Posté par Jean-Luc DOTHEE le 6 janvier 2016

C’est avec beaucoup de retard que j’ai enfin lu le manifeste pré-COP21 de Nicolas Hulot OSONS.

thCommenter la lecture de ce très court et dense petit livre, c’est forcement parler de Nicolas Hulot, personnage public hybride acteur du monde politique, diplomatique, associatif, médiatique…

Je commencerai par le livre. 12 propositions d’évolutions sociétales sont abordées dans le cœur de ce livre (voir ci-dessous). Honnêtement, il n’y a rien à jeter. J’ai ici-même abordé à plusieurs reprises nombreuses de ces thématiques et je partage leur bon sens. Je suis moi aussi désappointé par l’aberrant conservatisme de nos politiques sur ces sujets

th Pour faire simple, la lecture de ce recueil ne vous apprendra rien si vous êtes déjà un « curieux » et je ne suis pas sur qu’il puisse convaincre les plus conservateurs d’entre nous, l’argumentation étant contrainte par l’effort d’extrême synthèse.

Basculons donc sur l’homme, auteur de ce livre, au moment où il met fin à sa mission d’envoyé spécial pour la protection de la planète.
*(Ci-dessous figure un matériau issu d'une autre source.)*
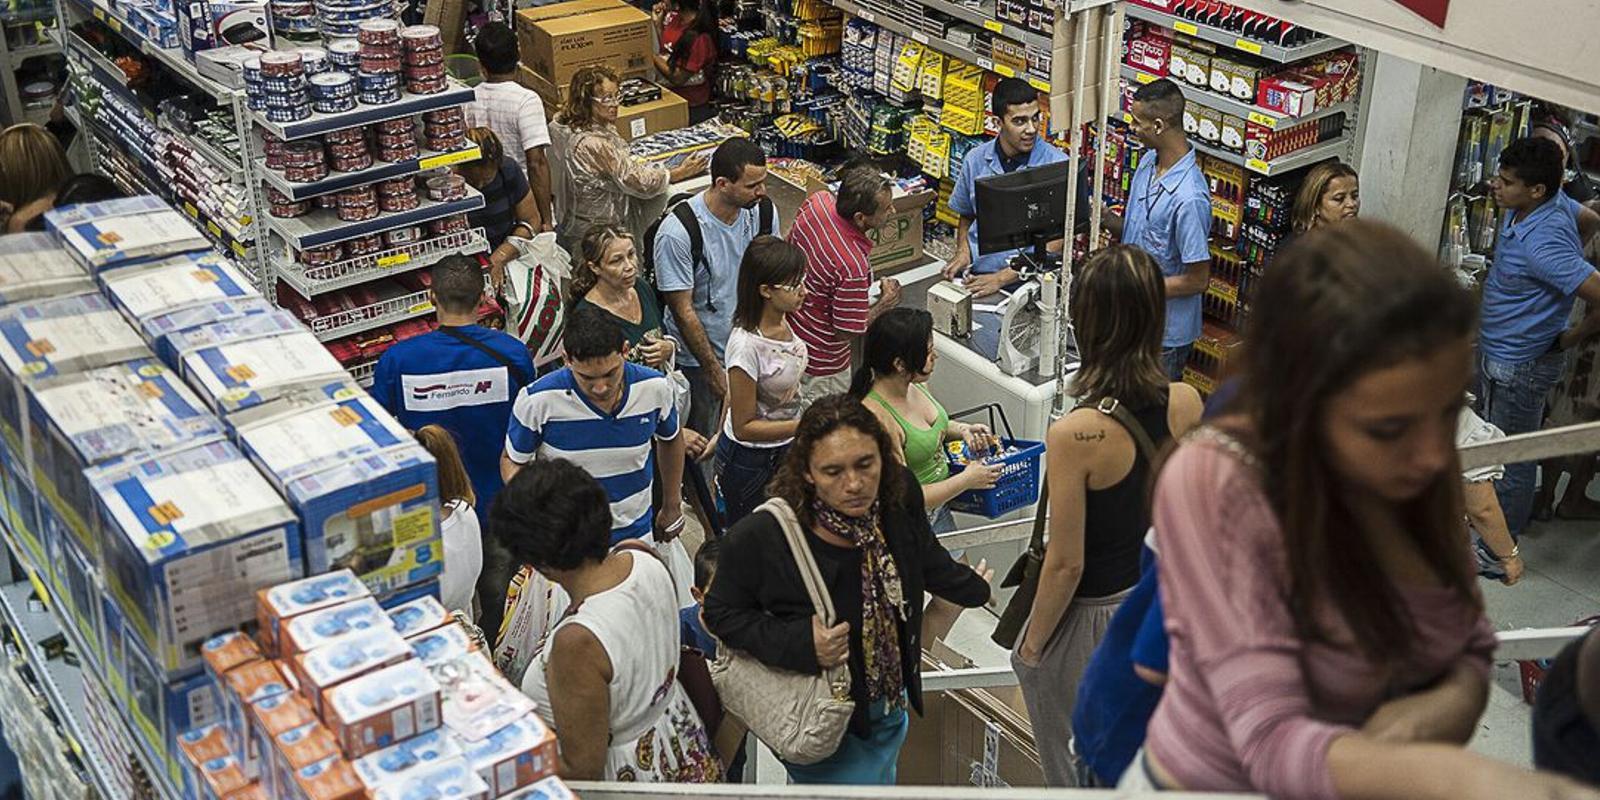 Percentual de famílias brasileiras endividadas cresce no país

Je n’ai pas pu m’empêcher de voir dans ce livre une proposition de vision collective…. un programme… politique, au sens le plus noble du terme. Bien-sur, les 12 axes dépassent l’autorité d’un gouvernement national, mais à un moment où le personnel politique est décrédibilisé, un tel personnage issu de la société civile, sincèrement engagé depuis plusieurs décennies, peut-il un jour utiliser un mandat d’élu pour essayer de mettre en pratique ses idées ?
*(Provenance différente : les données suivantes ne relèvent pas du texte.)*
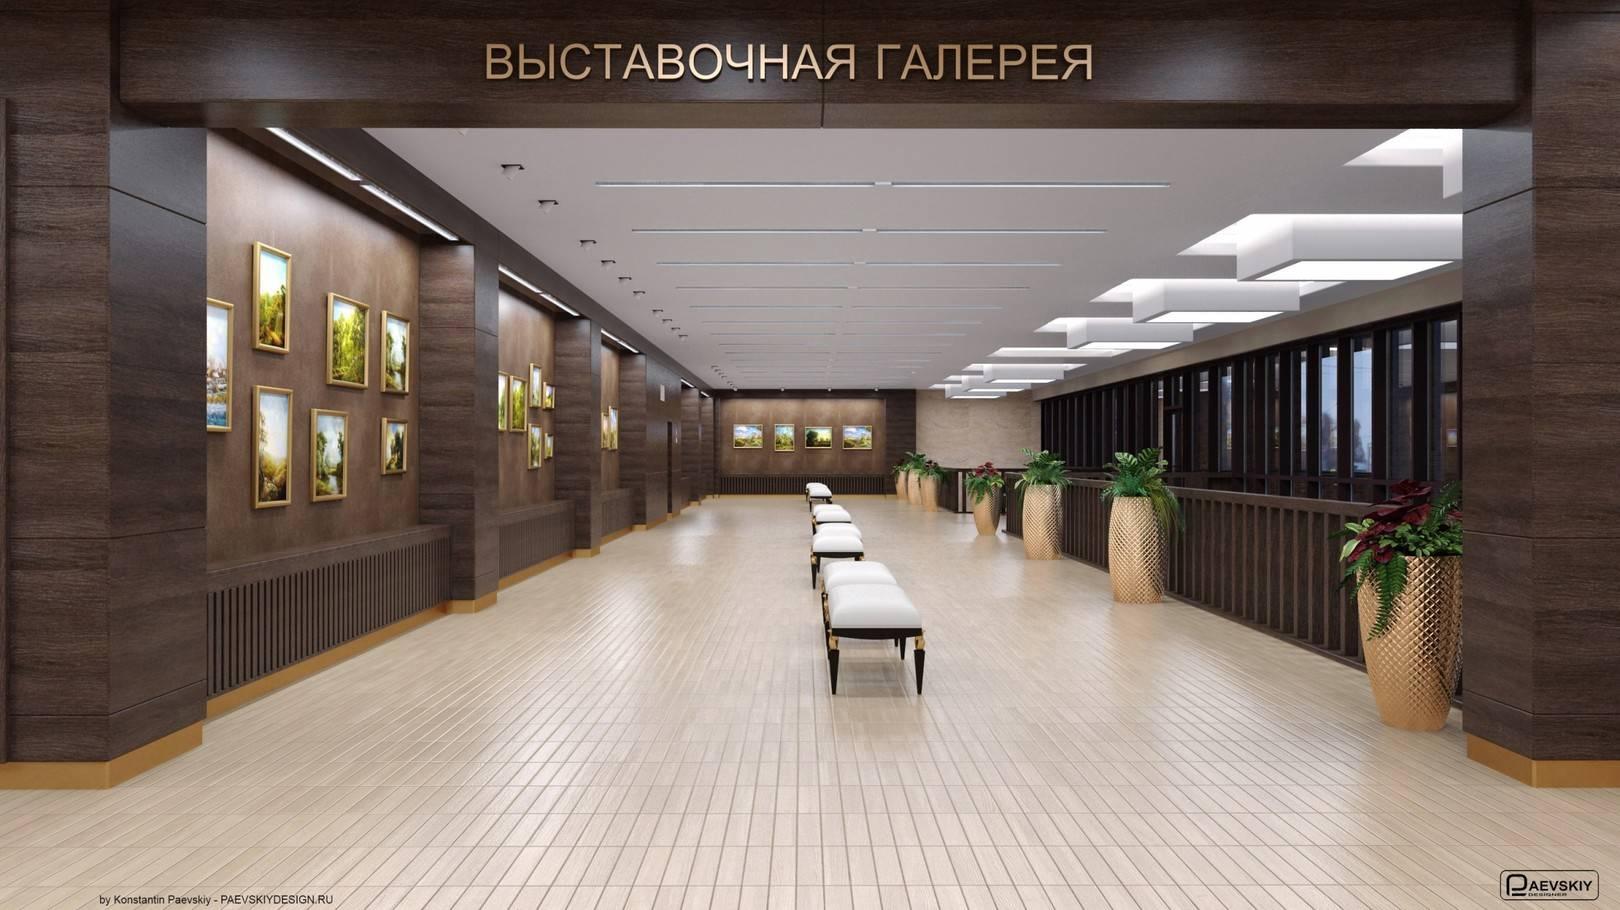 Выставочная галерея 2 этаж

Nicolas Hulot a fréquenté les « grands » (Chirac, Sarkozy, Hollande) et leur a même écris pas mal de discours ! Cette proximité rend « l’homme libre » non crédible pour certains; pour d’autres l’image d’homme de télé est indélébile et rédhibitoire; les plus conservateurs ne voient lui qu’un porte-parole de « bobos » et de nombreux écologistes ne voient en lui qu’un « impure ».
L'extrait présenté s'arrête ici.